_Supplied material_:

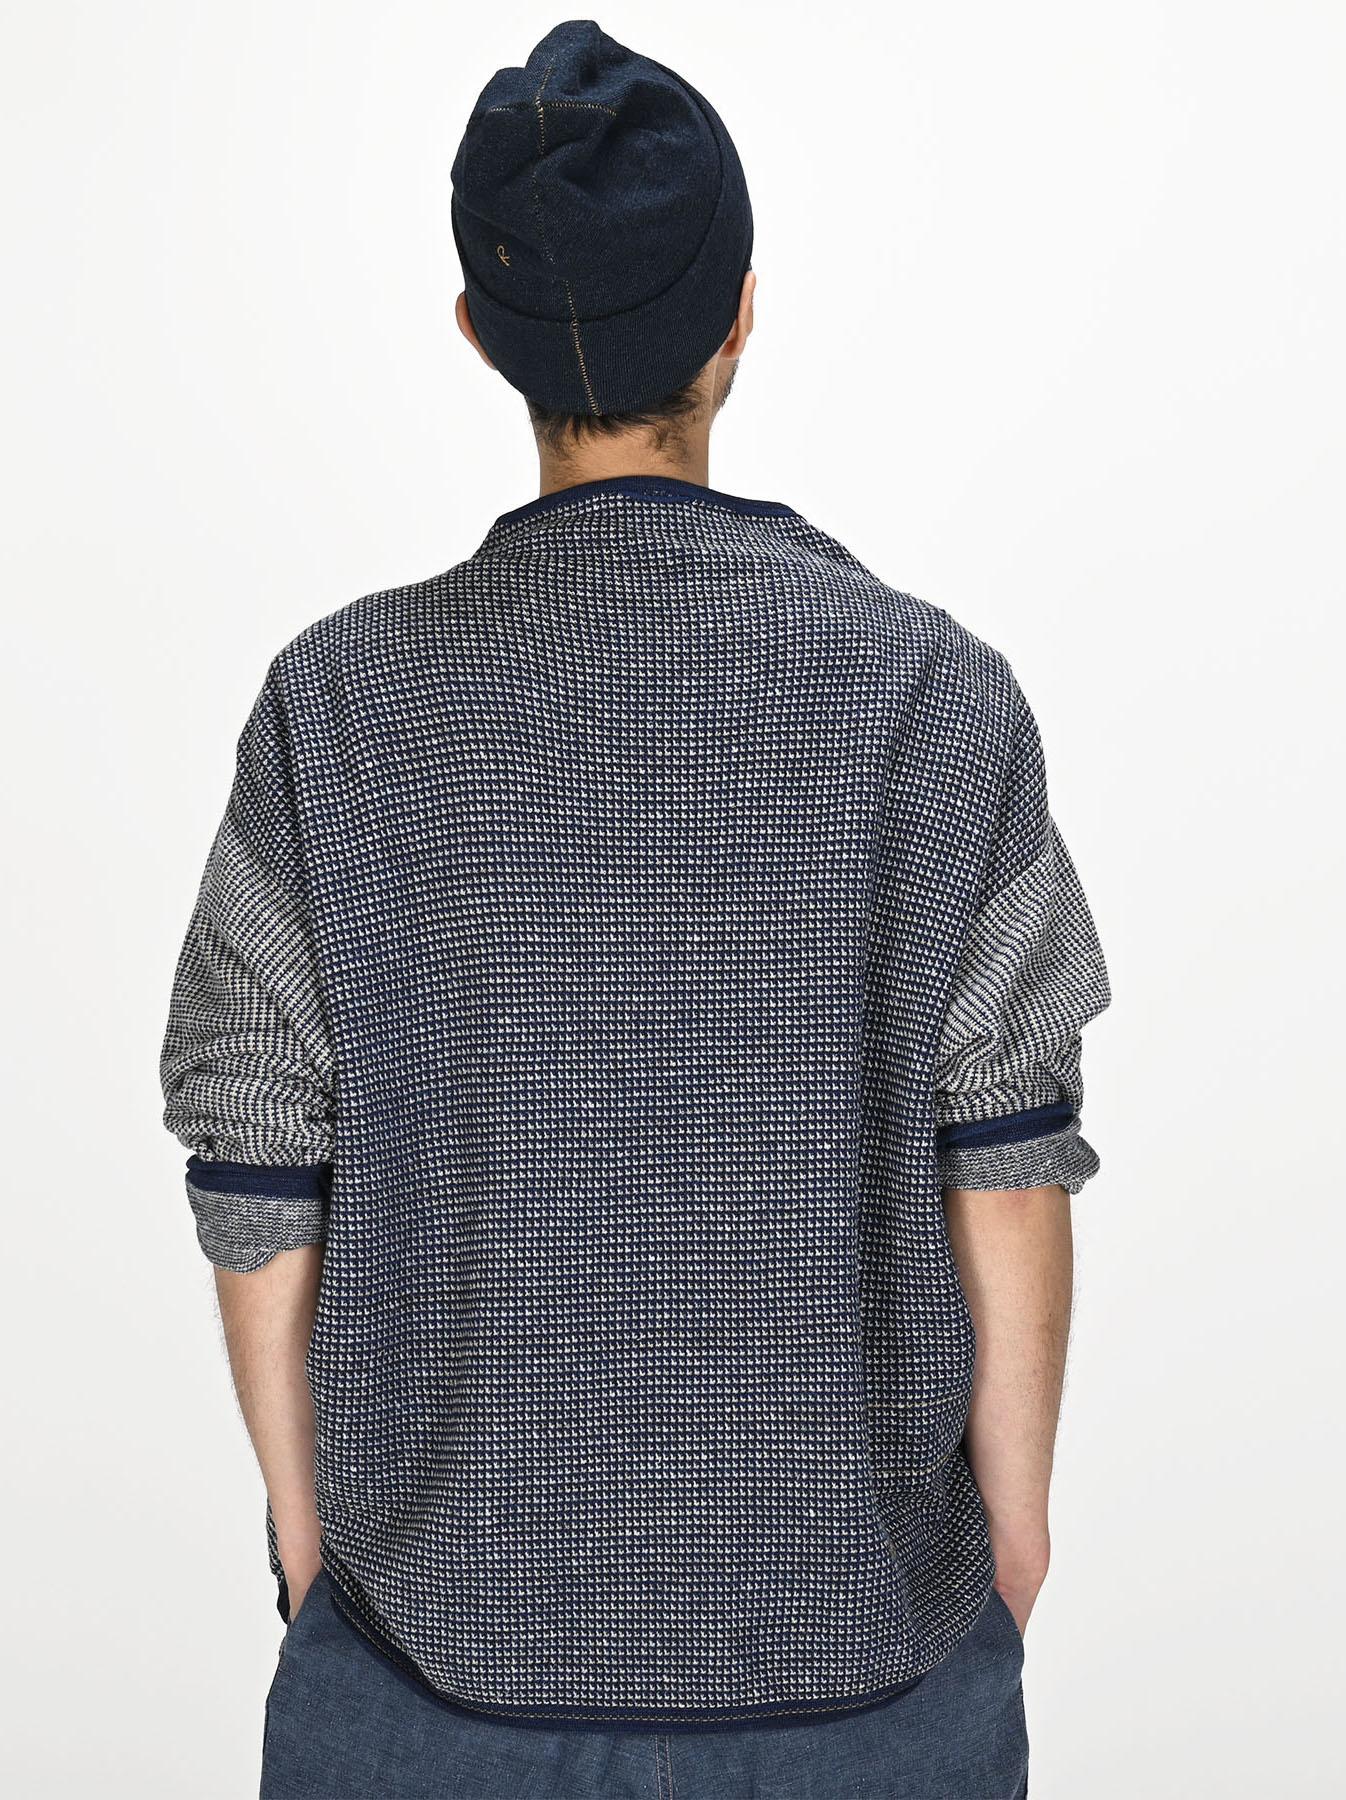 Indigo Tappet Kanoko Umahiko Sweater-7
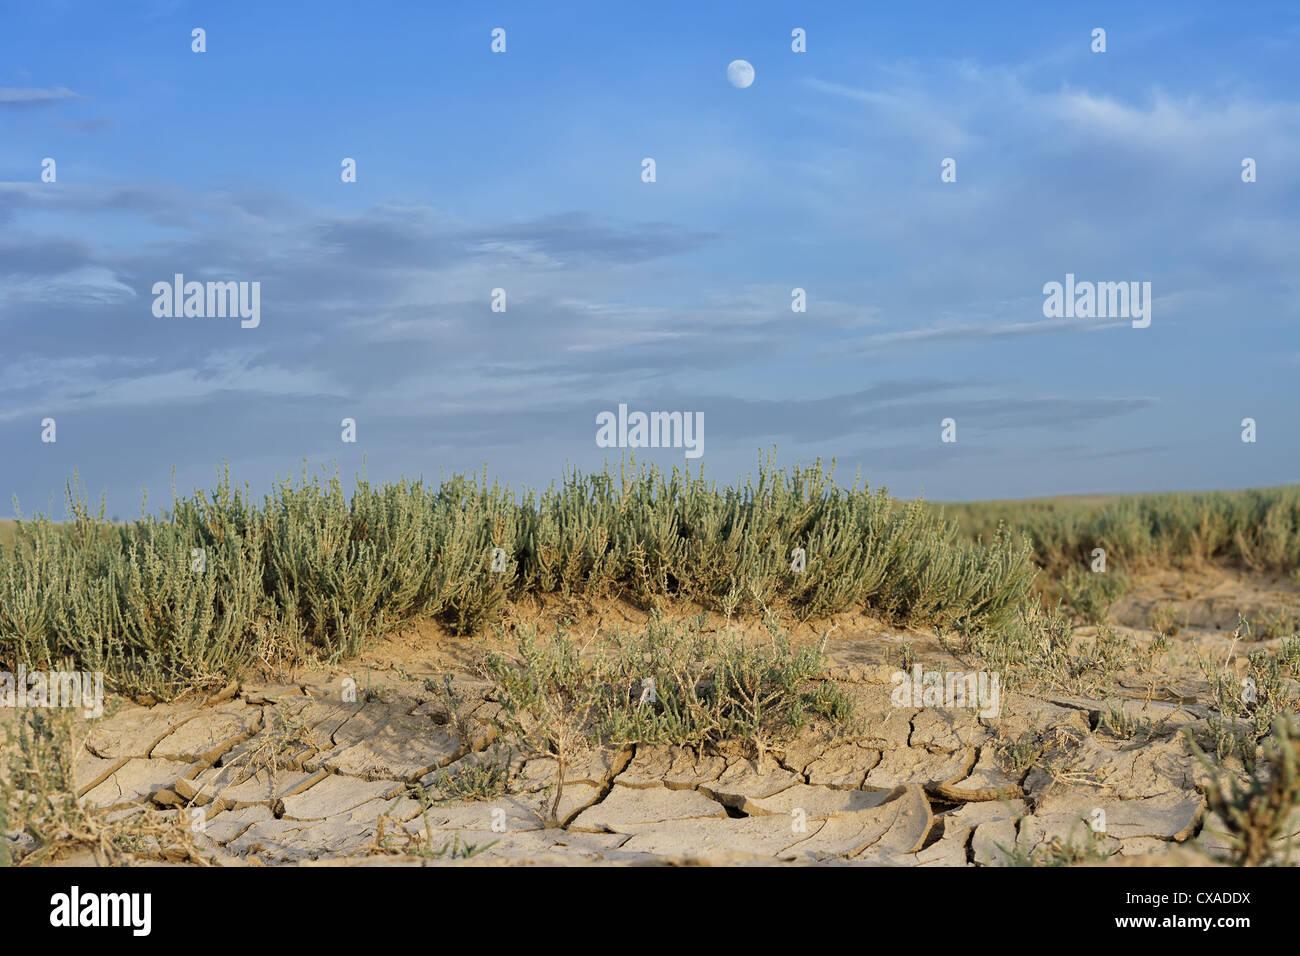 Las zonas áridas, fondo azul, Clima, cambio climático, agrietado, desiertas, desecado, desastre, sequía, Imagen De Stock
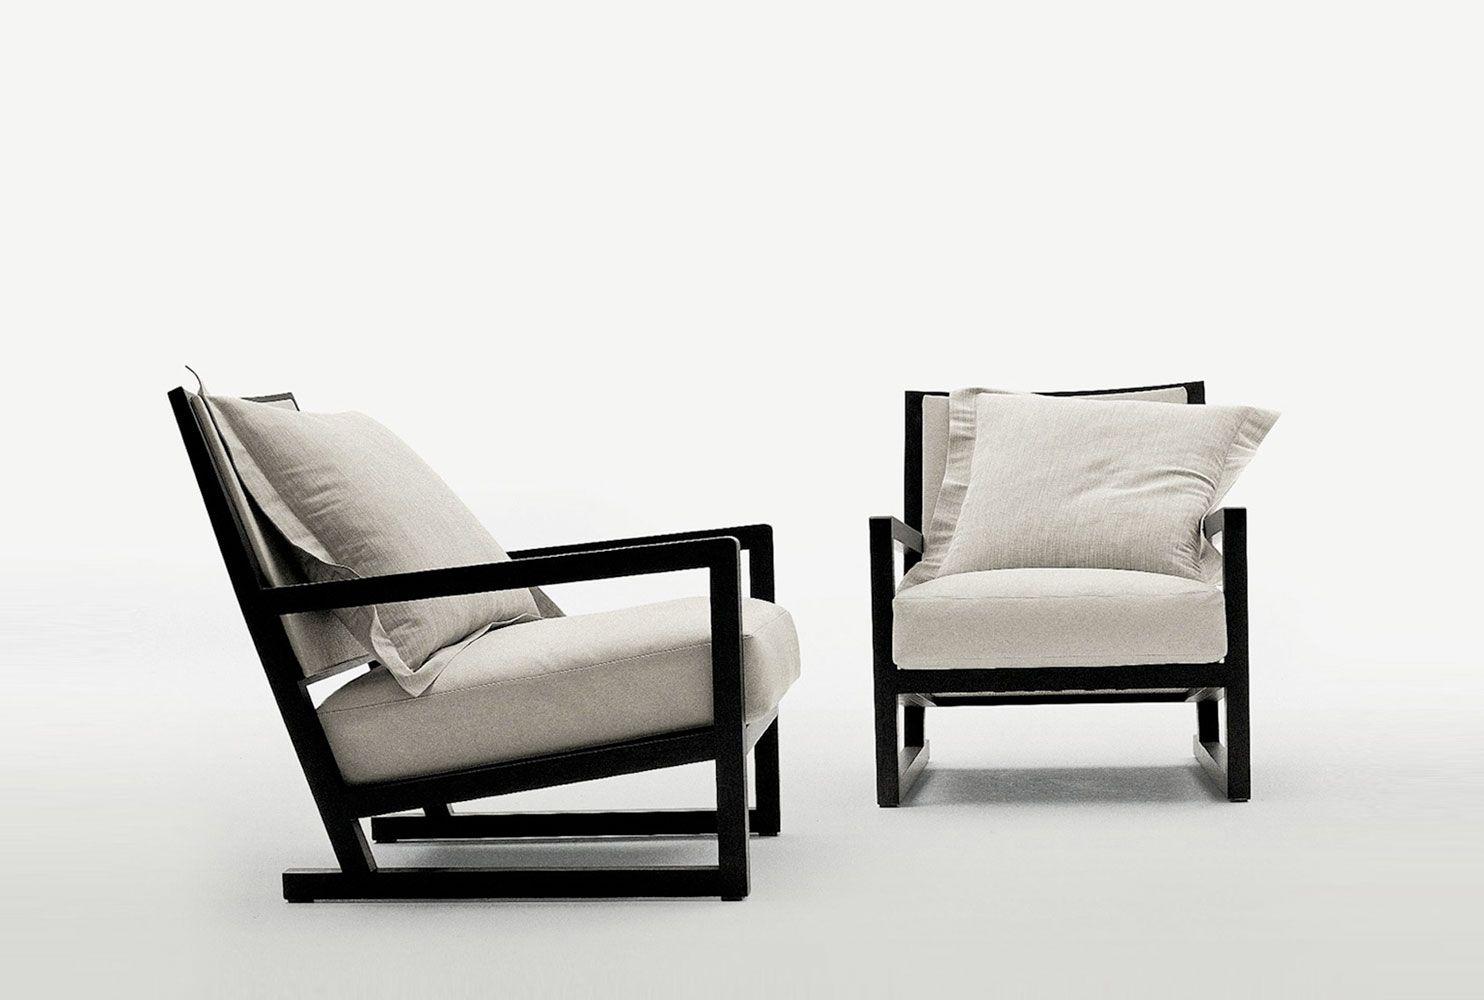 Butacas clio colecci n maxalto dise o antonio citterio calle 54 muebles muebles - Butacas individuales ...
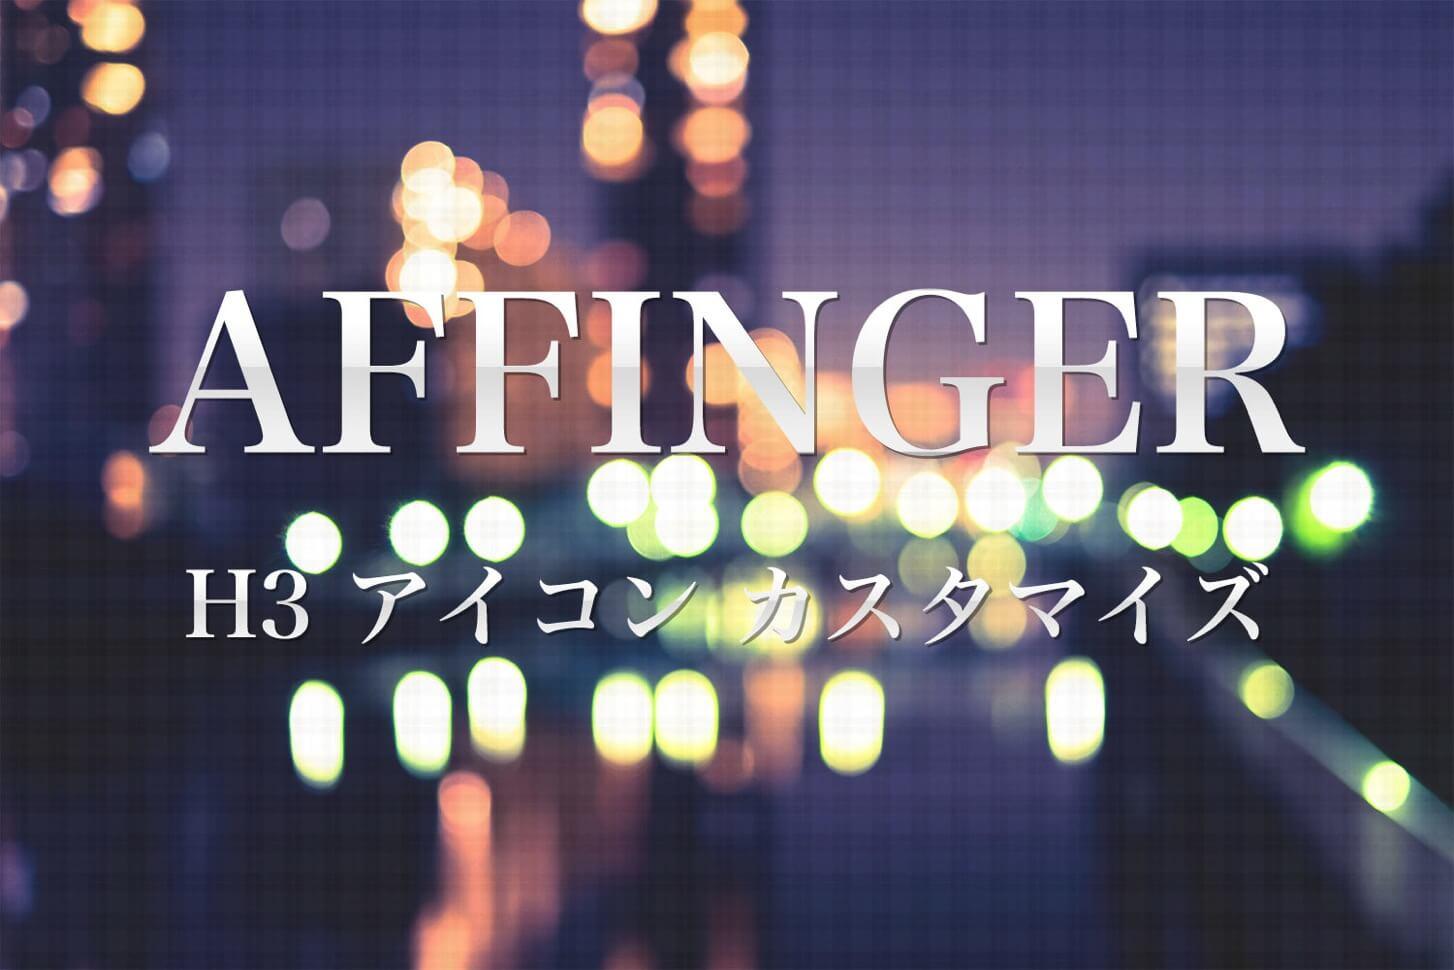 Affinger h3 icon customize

_What you need to do_:
Every line above should be copied exactly, apart from any pictures.

_Answer to the problem_:
 Indigo Tappet Kanoko Umahiko Sweater-7
 Las zonas áridas, fondo azul, Clima, cambio climático, agrietado, desiertas, desecado, desastre, sequía, Imagen De Stock
 Butacas clio colecci n maxalto dise o antonio citterio calle 54 muebles muebles - Butacas individuales ...
 Affinger h3 icon customize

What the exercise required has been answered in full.